As a practical matter, researchers and data archivists have learned that they cannot always limit disclosure risk enough so that data may be made available to the general public, even under data use limitations like those imposed by ICPSR. Instead, the most effective practitioners of data sharing for sensitive data have developed schemes whereby they categorize data into as many as four or five categories, depending on the sensitivity of the data and the risk of disclosure after masking procedures have been completed.Footnote 16 Low risk data can be shared widely. In the case of sensitive data or data with higher disclosure risk, restricted use dissemination may be more desirable. An example would be when the data user (and his or her employer) is required to implement data protection technology and sign a contract ensuring the promise of non-disclosure. In the most sensitive cases, these data may only be made available in a data enclave, like those at major data centers like the Carolina Population Center, ICPSR, the Institute for Social Research at the University of Michigan, the National Center for Health Statistics’ Research Data Center, and the network of Census Research Data Centers maintained by the U.S. Bureau of the Census.Footnote 17 These more restrictive solutions—especially those involving enclave protection—are an important solution but a last resort for all concerned because they severely restrict access to data for many potential data users who have difficulty relocating to the site of the enclave.
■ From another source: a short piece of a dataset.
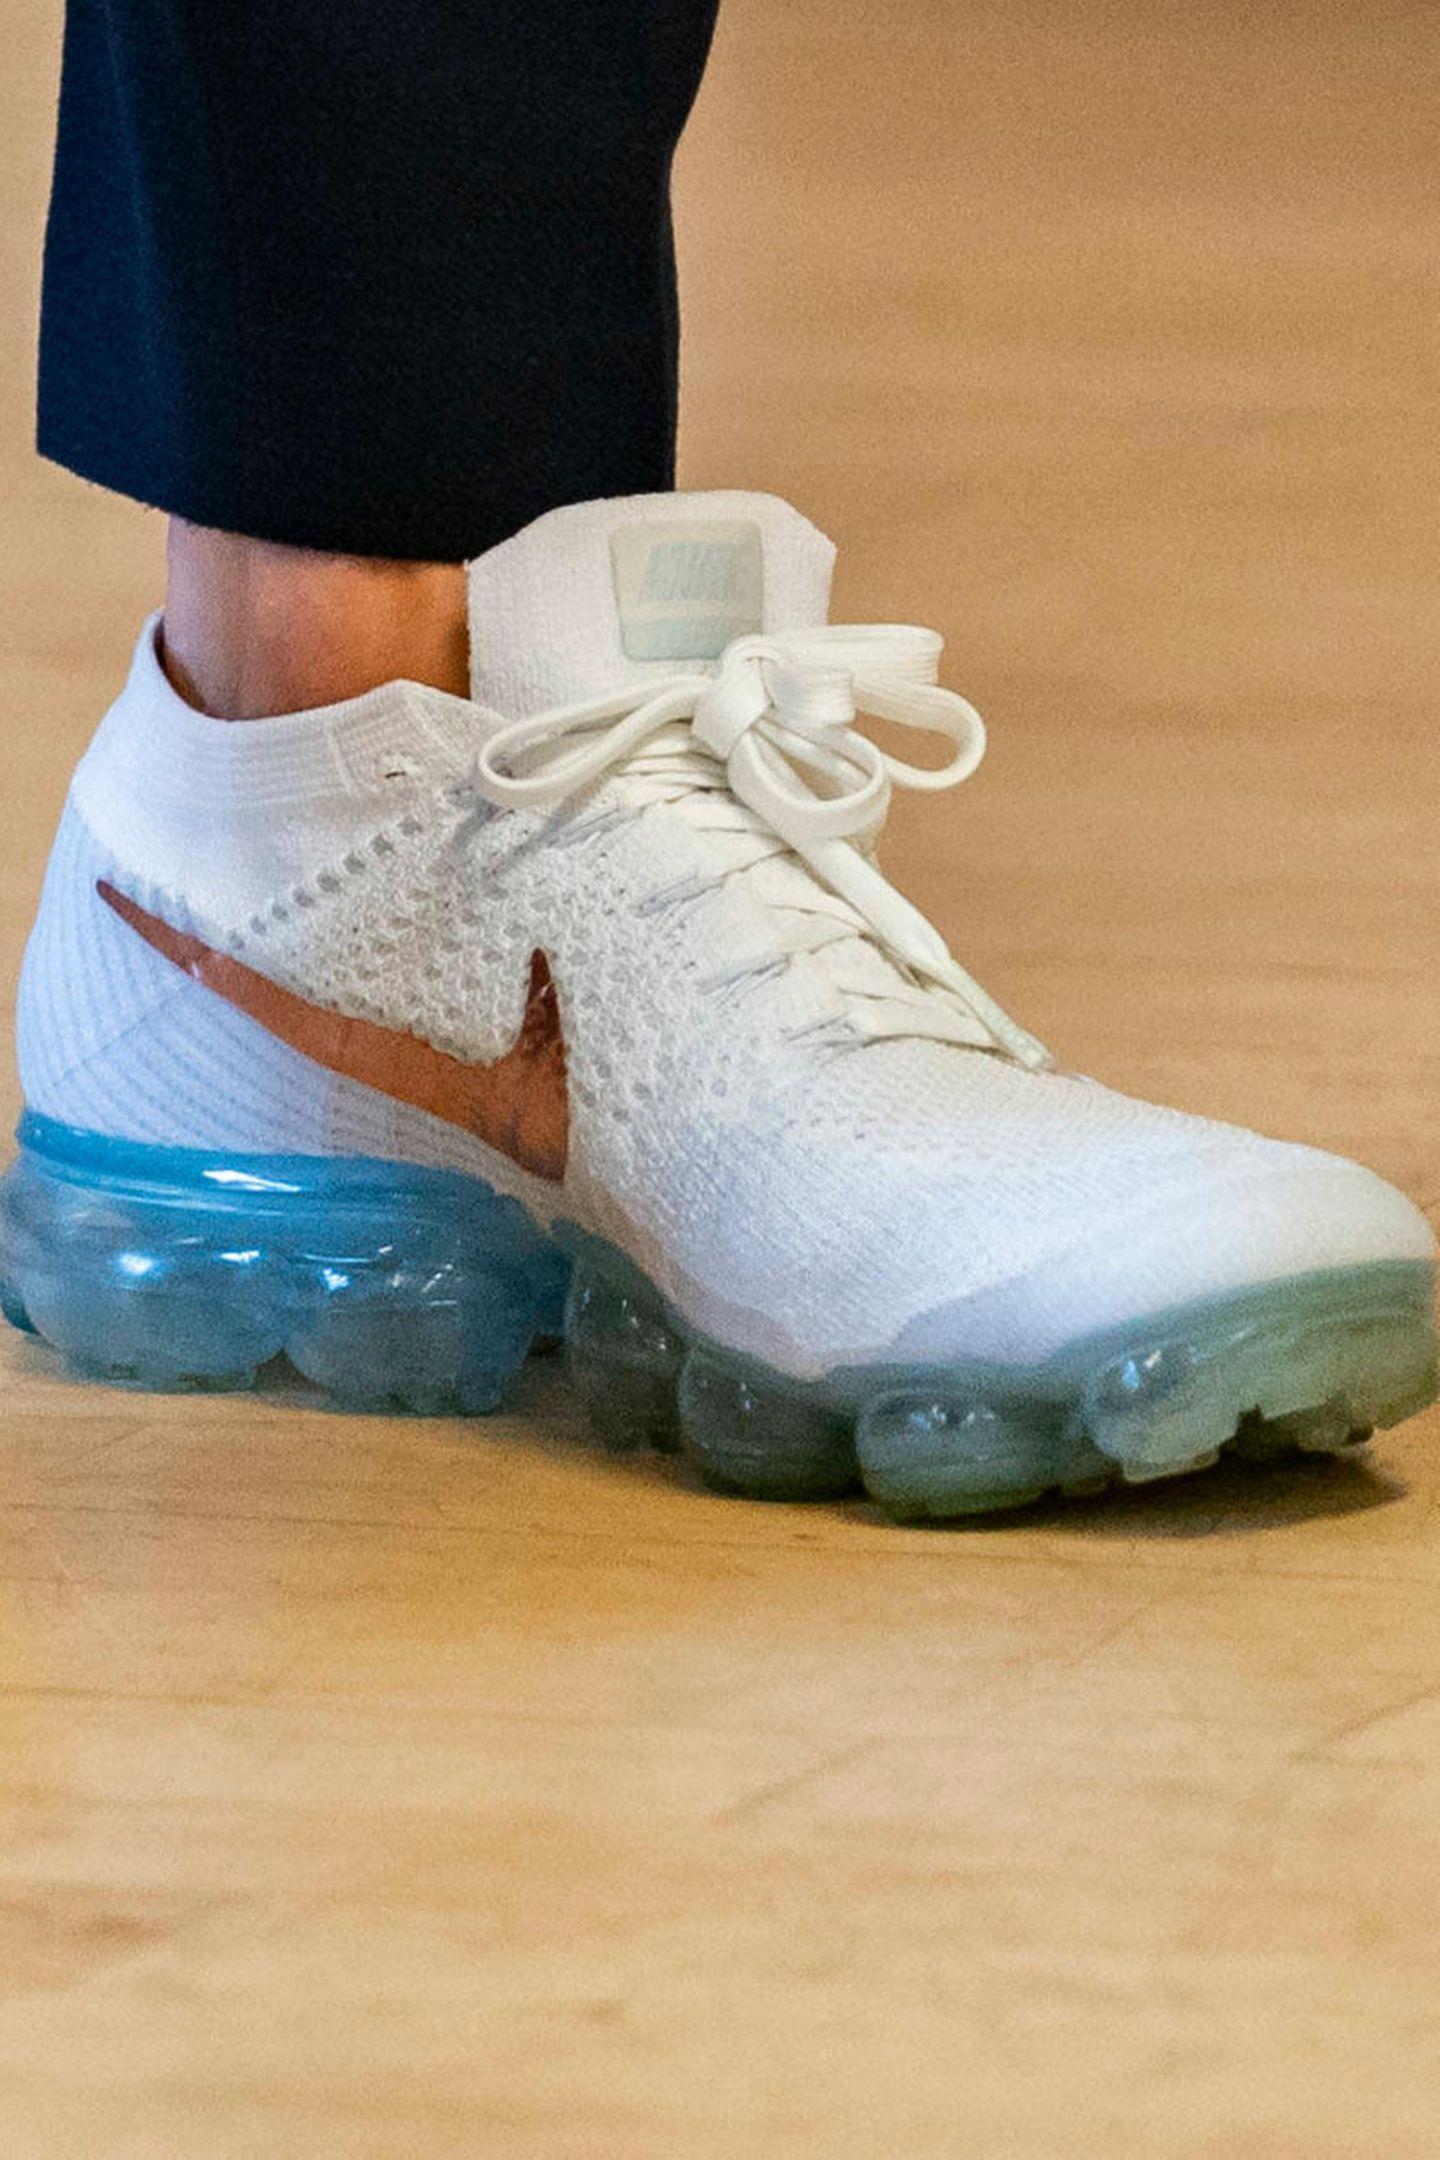 ... die super coolen und sehr auffälligen Vapormax Flyknit Sneaker von Nike trägt.

Recent research has also led to insights into an alternative to restrictive solutions, in the form of synthetic data (Little 1993; Rubin 1993; Raghunathan et al. 2003; Abowd and Lane 2004; Reiter 2002, 2005). Conceptually, synthetic data can be created by modeling the attributes of a given research data set, and then using those modeled attributes to create a synthetic population with the same statistical characteristics. Because the cases in the data file are all created by the “synthesizer,” they can be publicly disseminated without any disclosure risk at all: all of them are made up in the modeling process, and none of them are actual human research subjects. Rubin (1993) argues that datasets generated through multiple imputation procedures can actually provide more useful information to an analyst than “real” data coarsened through more traditional disclosure techniques. While it is not yet clear to what extent synthetic data will be useful for all research questions, they constitute an important starting point for thinking about ways of making data public while still preserving the confidentiality and privacy of survey respondents.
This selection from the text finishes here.